«Dunque parli.»

Quel «dunque» fu proferito con una tale energia, l'aspetto di Renzo divenne così minaccioso, che don Abbondio non potè più nemmen supporre la possibilità di disubbidire.

«Mi promettete, mi giurate,» disse «di non parlarne con nessuno, di non dir mai...?»

«Le prometto che fo uno sproposito, se lei non mi dice subito subito il nome di colui.»

A quel nuovo scongiuro, don Abbondio, col volto, e con lo sguardo di chi ha in bocca le tenaglie del cavadenti, proferì: «don....»

«Don?» ripetè Renzo, come per aiutare il paziente a buttar fuori il resto; e stava curvo, con l'orecchio chino sulla bocca di lui, con le braccia tese, e i pugni stretti all'indietro.

«Don Rodrigo!» pronunziò in fretta il forzato, precipitando quelle poche sillabe, e strisciando le consonanti, parte per il turbamento, parte perchè, rivolgendo pure quella poca attenzione che gli rimaneva libera, a fare una transazione tra le due paure, pareva che volesse sottrarre e fare scomparir la parola, nel punto stesso ch'era costretto a metterla fuori.

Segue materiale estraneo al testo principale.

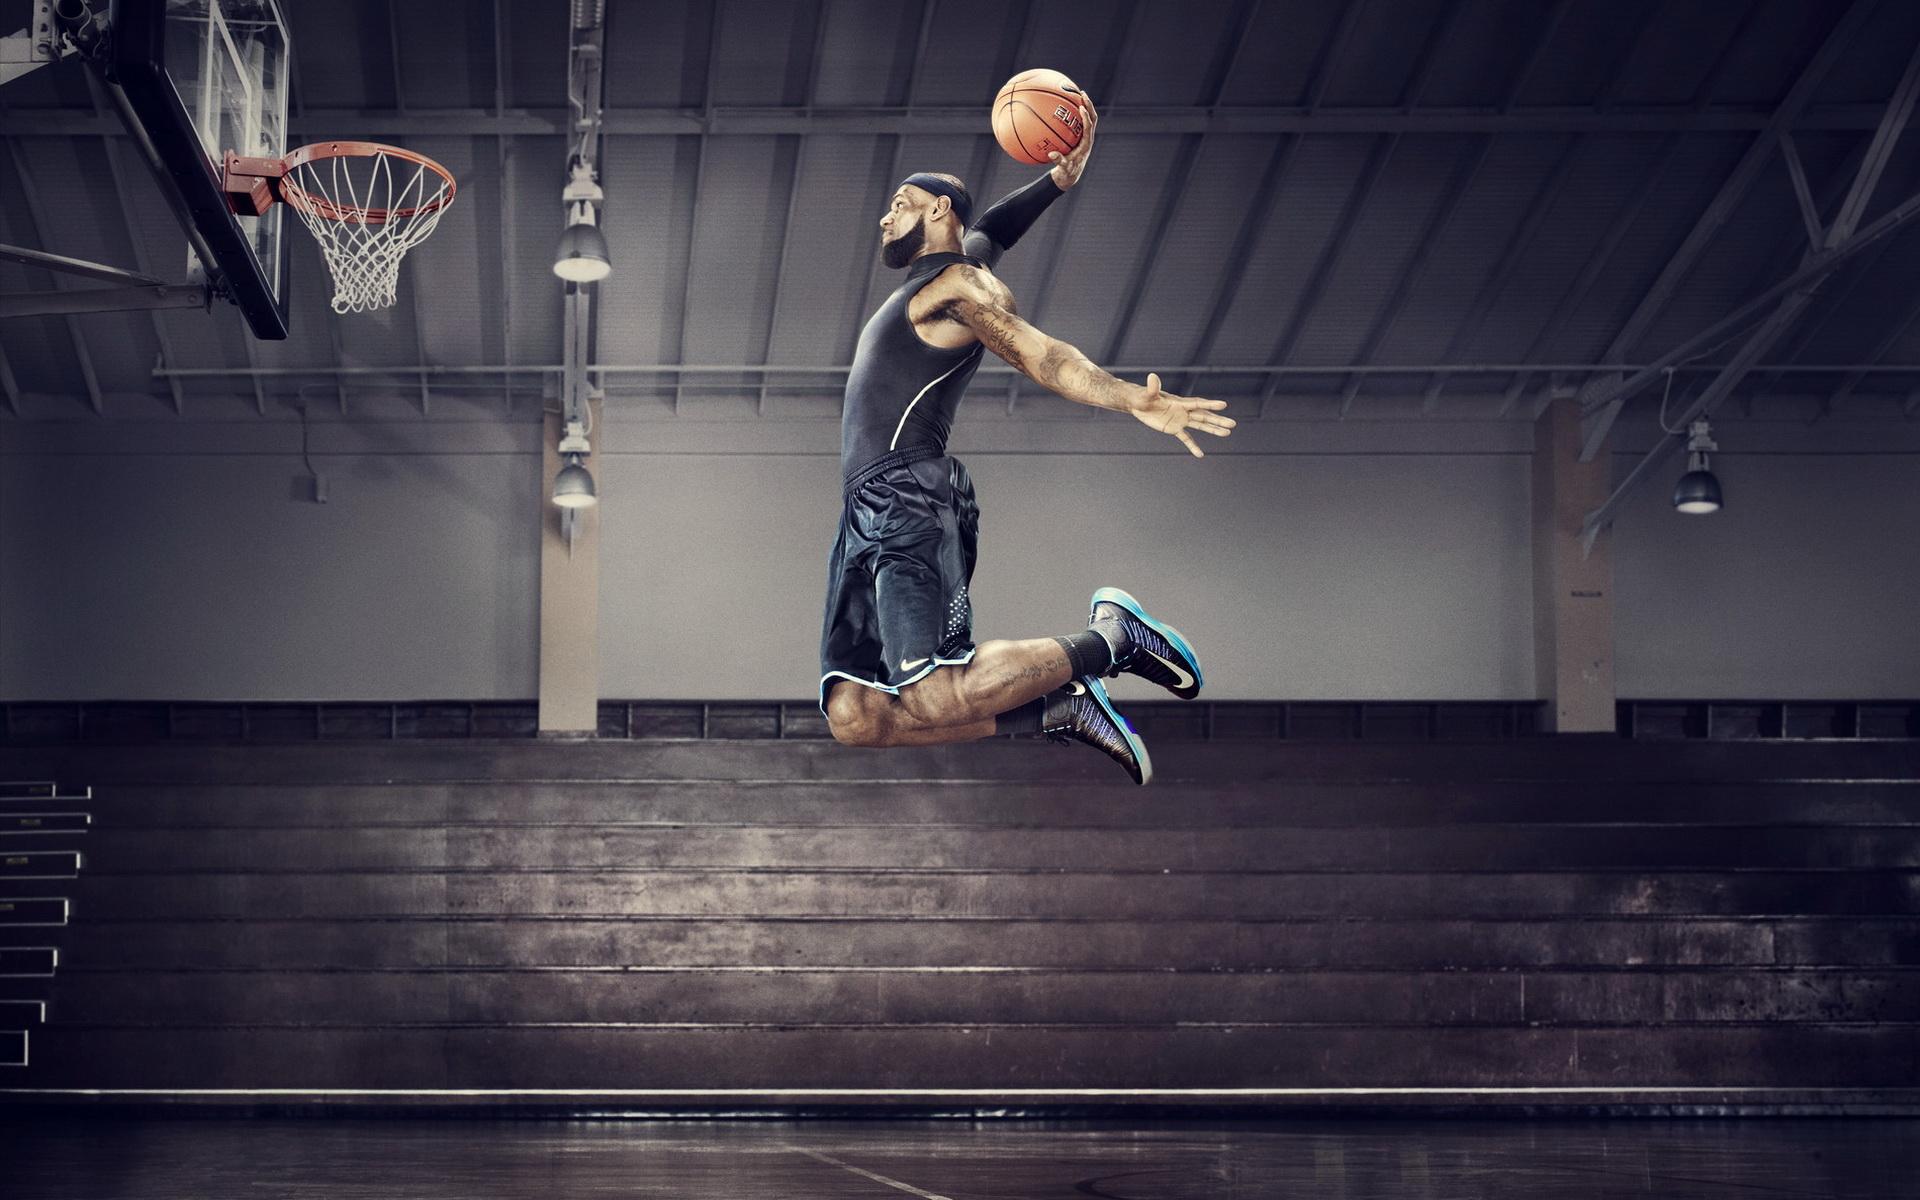 Sportbasketball033668

«Ah cane!» urlò Renzo. «E come ha fatto? Cosa le ha detto per...?»

«Come eh? come?» rispose, con voce quasi sdegnosa, don Abbondio, il quale, dopo un così gran sagrifizio, si sentiva in certo modo divenuto creditore. «Come eh? Vorrei che la fosse toccata a voi, come è toccata a me, che non c'entro per nulla; che certamente non vi sarebber rimasti tanti grilli in capo.» E qui si fece a dipinger con colori terribili il brutto incontro; e, nel discorrere, accorgendosi sempre più d'una gran collera che aveva in corpo, e che fin allora era stata nascosta e involta nella paura, e vedendo nello stesso tempo che Renzo, tra la rabbia e la confusione, stava immobile, col capo basso, continuò allegramente: «avete fatta una bella azione! M'avete reso un bel servizio! Un tiro di questa sorte a un galantuomo, al vostro curato! in casa sua! in luogo sacro! Avete fatta una bella prodezza! Per cavarmi di bocca il mio malanno, il vostro malanno! ciò ch'io vi nascondevo per prudenza, per vostro bene! E ora che lo sapete? Vorrei vedere che mi faceste...! Per amor del ciclo! Non si scherza. Non si tratta di torto o di ragione; si tratta di forza. E quando, questa mattina, vi davo un buon parere.... eh! subito nelle furie. Io avevo giudizio per me e per voi; ma come si fa? Aprite almeno; datemi la mia chiave.»

«Posso aver fallato,» rispose Renzo, con voce raddolcita verso don Abbondio, ma nella quale si sentiva il furore contro il nemico scoperto: «posso aver fallato; ma si metta la mano al petto, e pensi se nel mio caso....»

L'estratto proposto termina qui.